Пари на красавицу
Шрифт:
— Не пойду.
— Покровская, твою нахрен. Харе выёбы***ься! Мы уже все оценили, какая ты гордая и непреклонная. А теперь марш в подъезд!
— Не пойду.
— Значит, силком затащу.
— Только попробуй!
— Попробую. Тебе не понравится.
— А я тебе потом лицо расцарапаю.
— Я жду.
— Отвези меня домой! Ко мне домой!
— Я считаю до пяти…
— Печально, если за столько лет ты только до этой цифры и дошёл.
— Один…
Не пойду я никуда! Я чё, больная, добровольно отдавать себя в его извращённые лапы? Четыре стены, ноль
— Да пошёл ты.
— Два.
— Хоть десять.
— Три.
Начинаю нервничать. Но всё равно упрямо не сдаю позиций. Достаю телефон, спрятанный под корсетом. Косточки так давят, что там надёжней банковского хранилища. Не выпадет. Куда меня завезли? Какой адрес?
— Четыре.
Демонстративно игнорирую его существование и пытаюсь заказать околевшими пальцами новое такси.
Пять так и не звучит.
Глеб
Втаскиваю упирающуюся Мальвину в квартиру. Это пиз***. На шее кровоточат царапины от ногтей, а соседи по лестничной клетке теперь думают, что я маньяк-коллекционер, потому что визжала она, как резанная. Визжала, вопила и извивалась всеми возможными способами. Странно, что тросы лифта выдержали, и мы не ёб***ись нахрен в шахту, так трясло кабинку.
В обуви влетаю в гостиную, скидывая на диван брыкающуюся на плече ношу.
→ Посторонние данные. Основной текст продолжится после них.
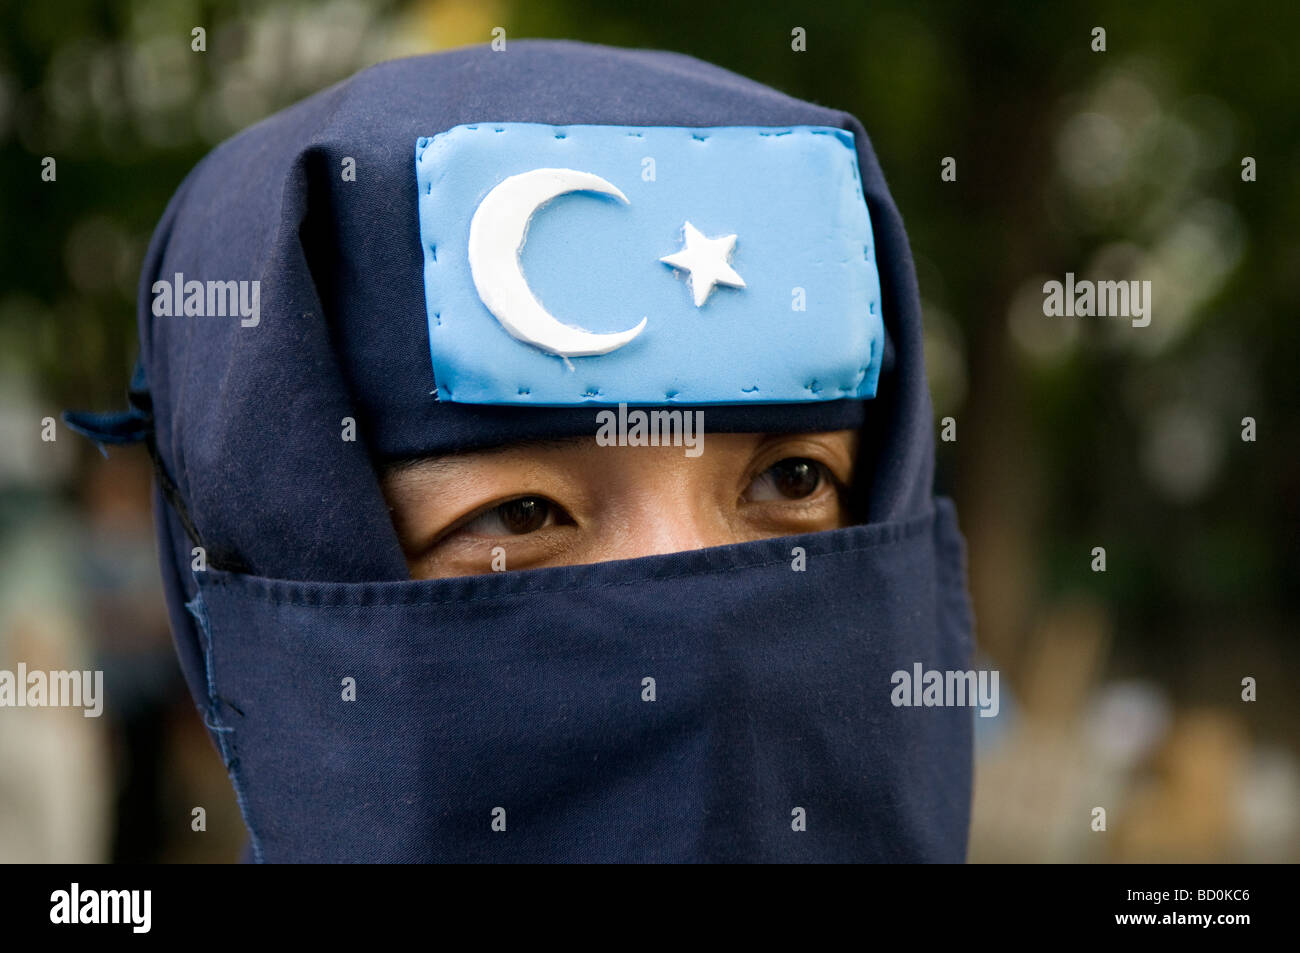 Un partisan du mouvement islamique du Turkestan Oriental (TIM) fondé par Uyghur jihadistes dans la région autonome ouïghoure du Xinjiang. L'ouest de la Chine Banque D'Images

Грубо скидываю, без нежностей. Еле донёс. В глазах до сих пор искрит после того, как мне прилетело с ноги по яйцам. Думал, сдохну. Такого прихода я давно не ловил.
— Офонарел? — Покровская валяется на спине, потешно дрыгая ногами и смахивая закрывшие лицо волосы. Пыхтящая перевёрнутая бирюзовая таракашка.
— Я тебя предупреждал, — строго цыкаю ей и возвращаюсь в коридор, чтобы закрыть дверь. Для надёжности убираю ключи в карман: надумает бежать — придётся пройти полосу препятствий и затеряться в моих брюках. Если что, я не против и готов поддаться.
Вернувшись, застаю её в той же позе. Только теперь она лежит уже более удобно, бесцеремонно закинув обутые ноги на спинку дивана. Руки скрещены на на груди, а глаза опасно прищурены. И зыркают на меня. Ух, боюсь-боюсь. Боялся бы… если бы не её задранная юбка и обнажённые бёдра, которые абсолютно не прикрывает крупная сетка на колготках.
— Это бойкот? — не могу не улыбаться. Мальвина как заряд хорошего настроения. Маленькая батарейка, которая меня подзаряжает.
— Я буду кричать, — предупреждает она.
— Зачем?
— Если тронешь, закричу. Буду орать, пока кто-нибудь не вызовет полицию.
Да ради бога. Уж с ментами я как-нибудь разберусь. Всего-то и стоит назвать фамилию.
— Чай будешь?
Неожиданная смена темы её удивляет.
— Нет.
— Кофе?
— Нет.
— Какао? — дует губки. И как сексуально это делает… Бл***. Так, стоп. Я дал себе слово держаться. — Какао. Будешь или нет?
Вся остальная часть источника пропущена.